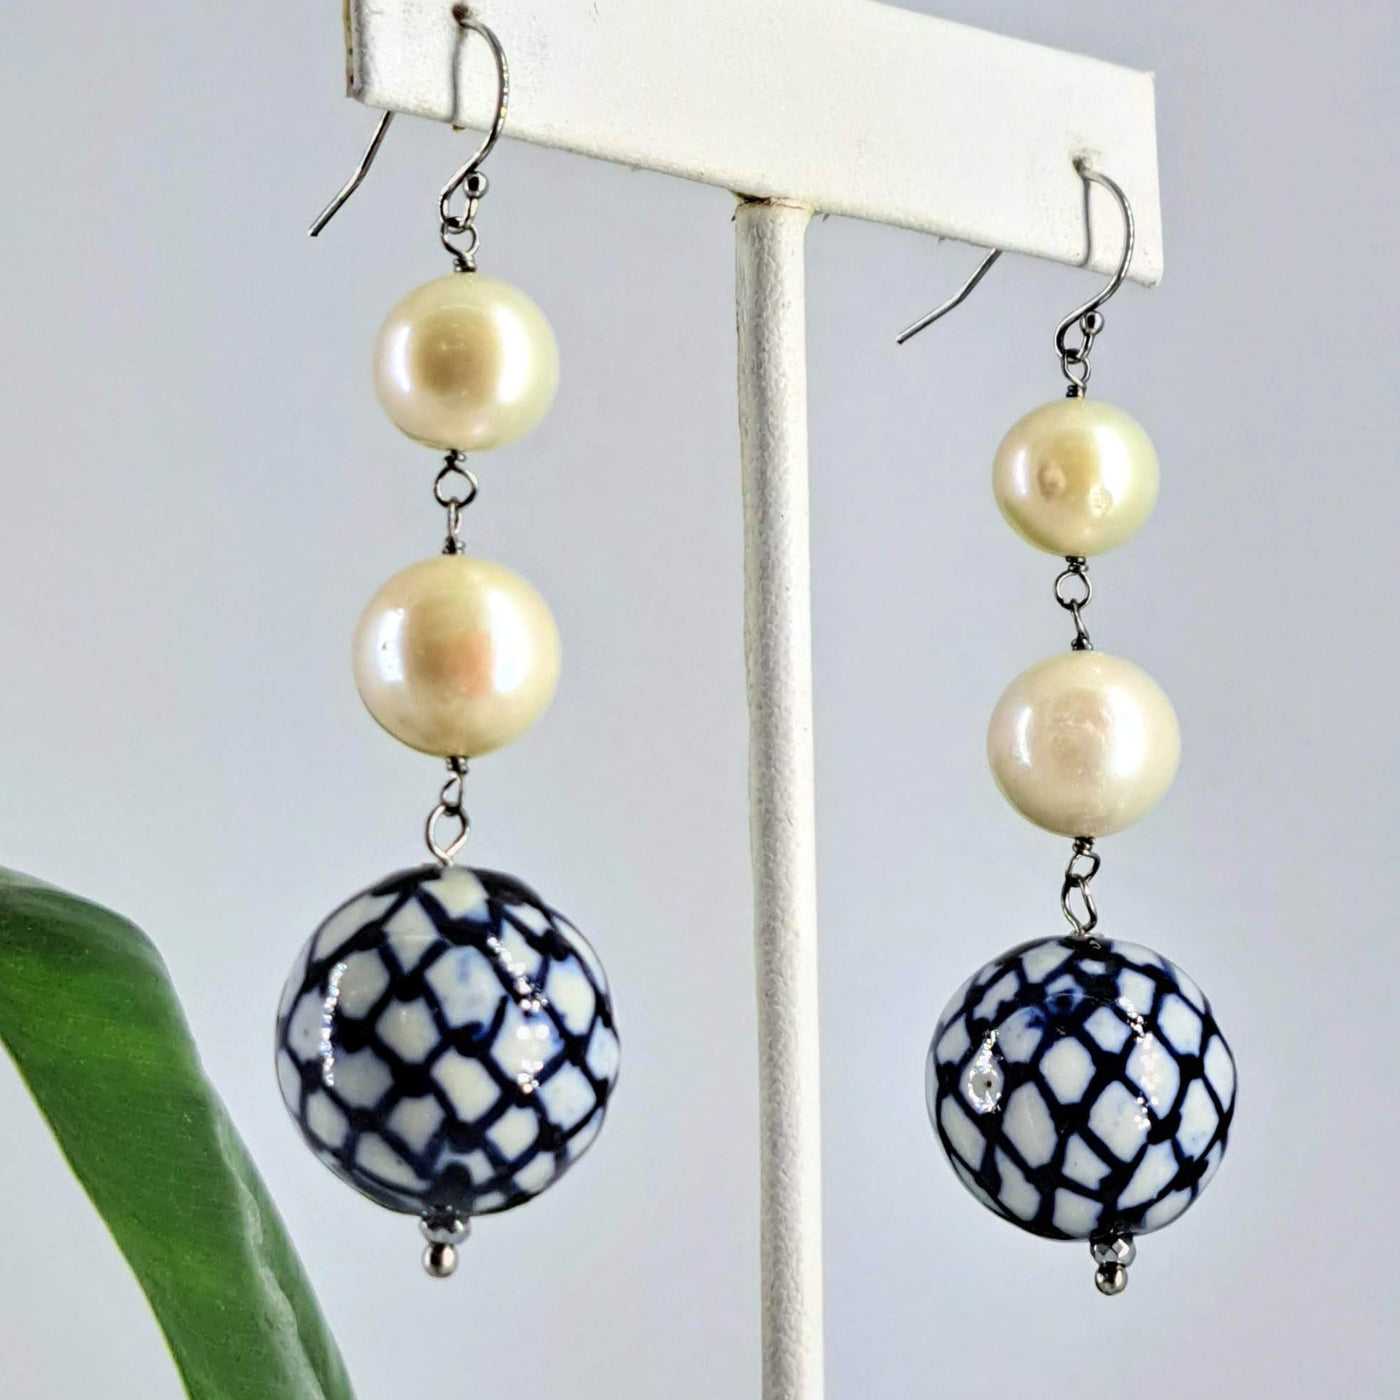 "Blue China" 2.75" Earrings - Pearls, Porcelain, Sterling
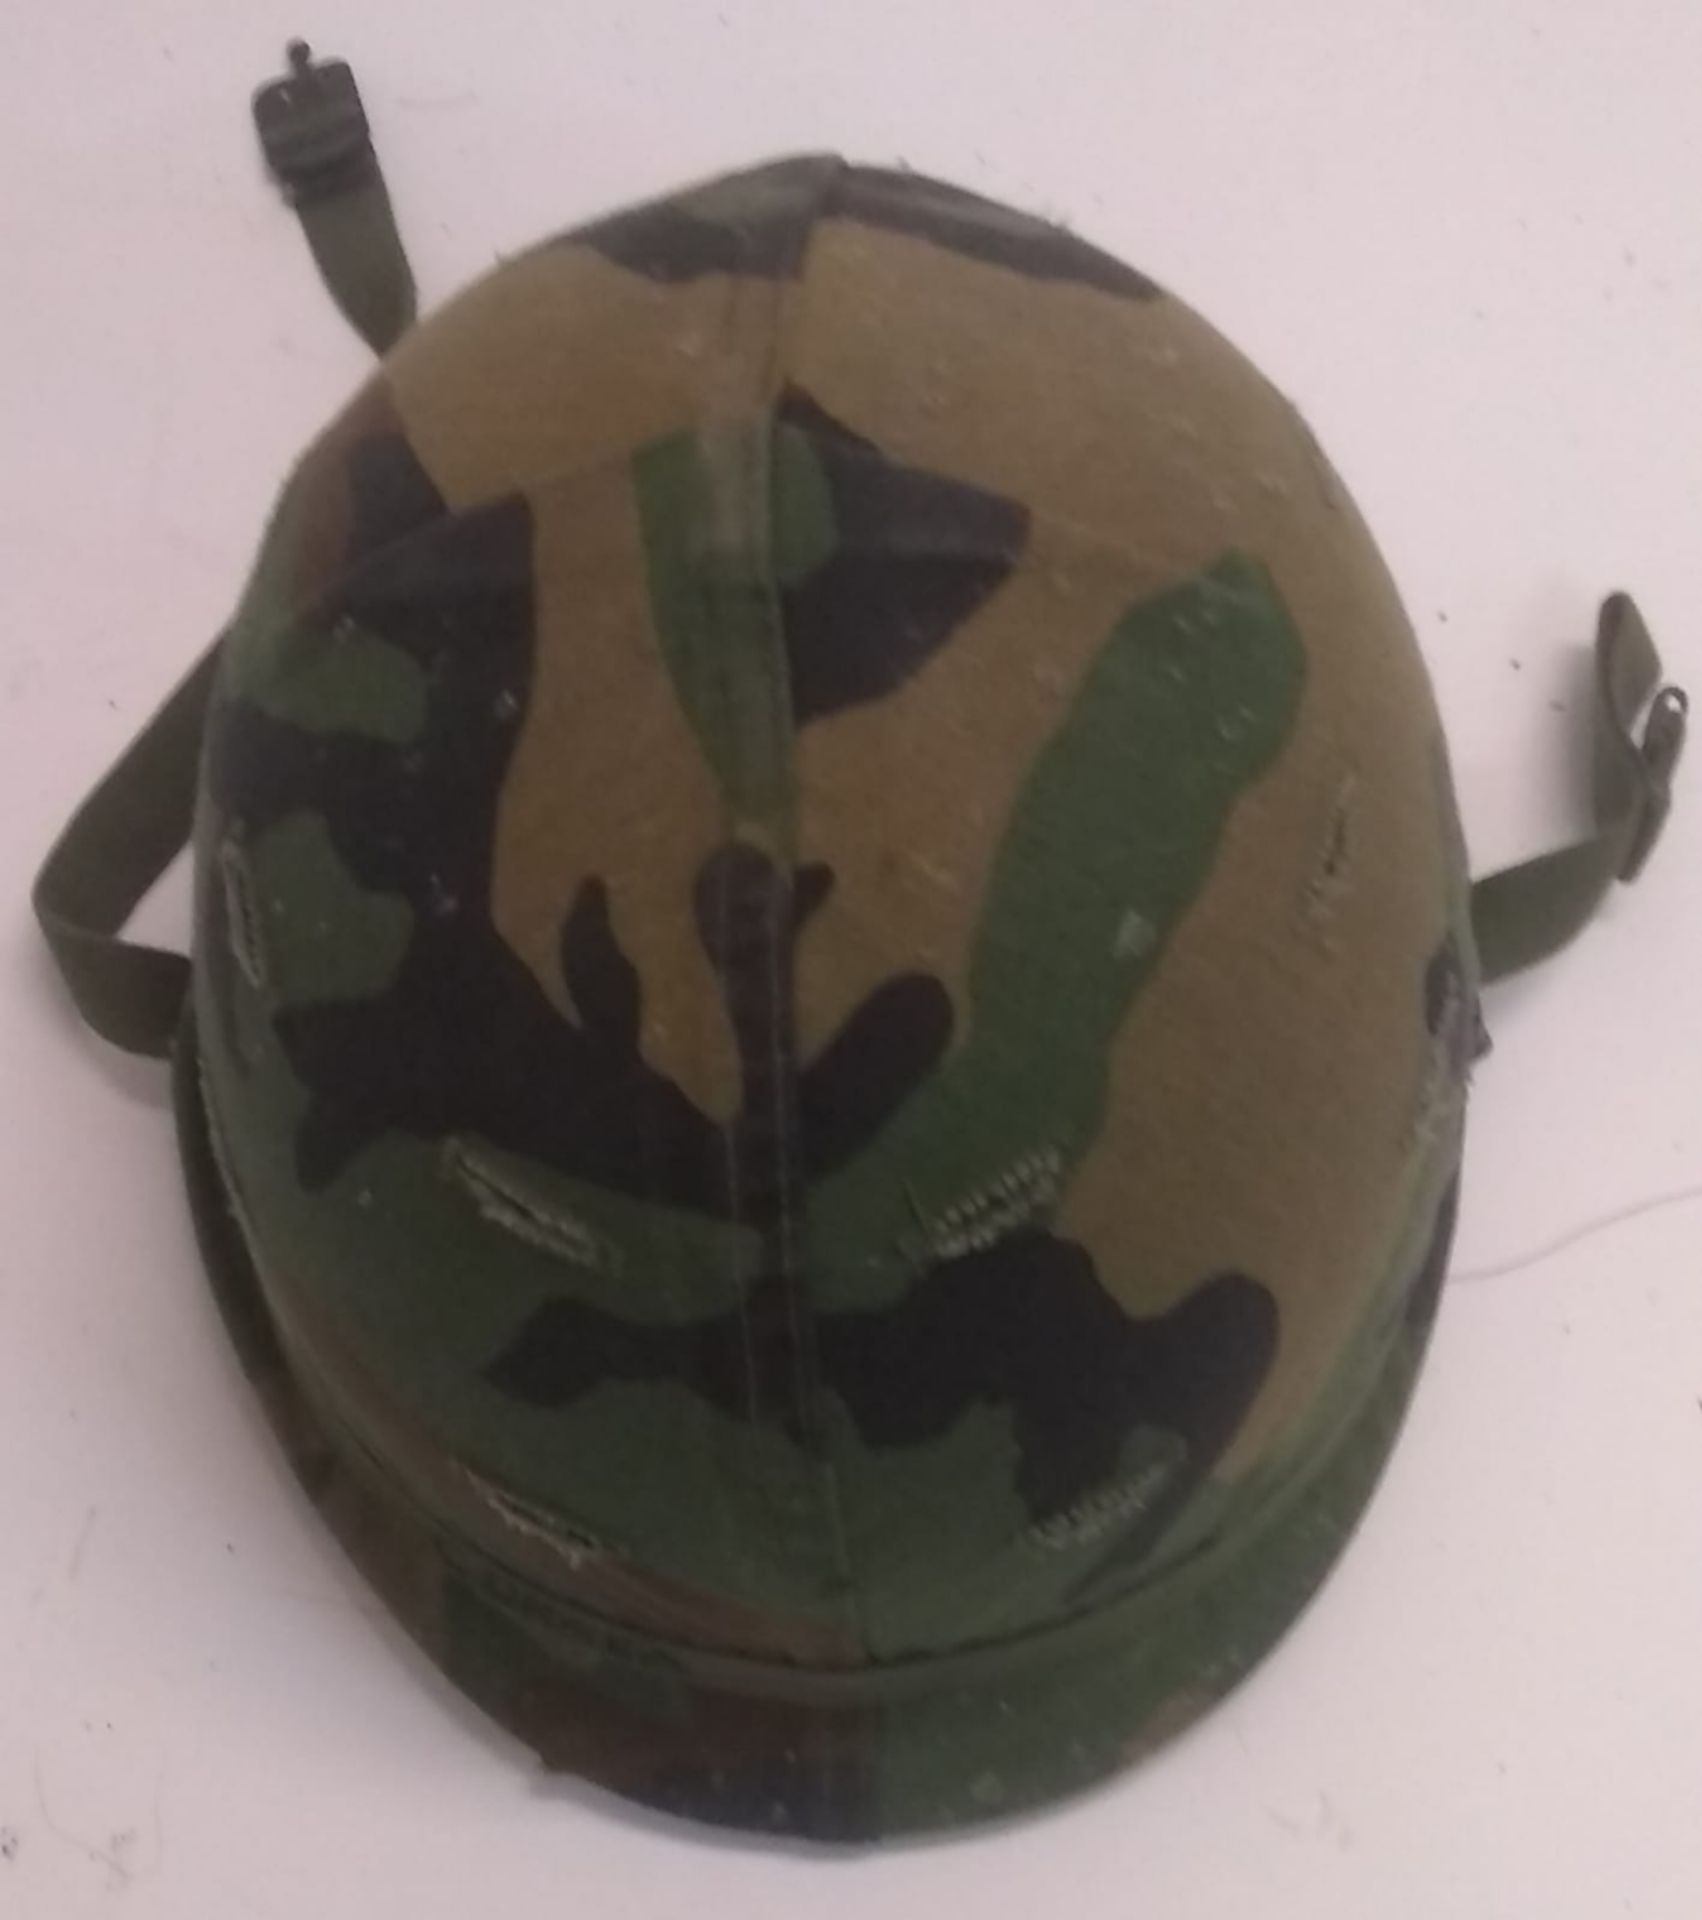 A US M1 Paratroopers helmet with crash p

◇ ◇ ◇

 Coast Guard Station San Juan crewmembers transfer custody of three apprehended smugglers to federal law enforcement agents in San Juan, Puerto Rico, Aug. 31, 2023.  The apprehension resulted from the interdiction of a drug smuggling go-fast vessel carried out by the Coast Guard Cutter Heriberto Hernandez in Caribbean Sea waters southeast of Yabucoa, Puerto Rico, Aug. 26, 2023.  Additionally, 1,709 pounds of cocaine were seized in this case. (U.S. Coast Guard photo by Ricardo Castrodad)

◇ ◇ ◇

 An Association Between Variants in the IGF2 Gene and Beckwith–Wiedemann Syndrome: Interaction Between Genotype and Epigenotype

◇ ◇ ◇

■ **Exercise**
In the entries above, find the line with "Pearls, Porcelain, Sterling" and the line with "A US M1 Paratroopers helmet with crash p". Write out exactly those two lines and every line between them, pictures excluded.

■ **Answer box**
 "Blue China" 2.75" Earrings - Pearls, Porcelain, Sterling
 A US M1 Paratroopers helmet with crash p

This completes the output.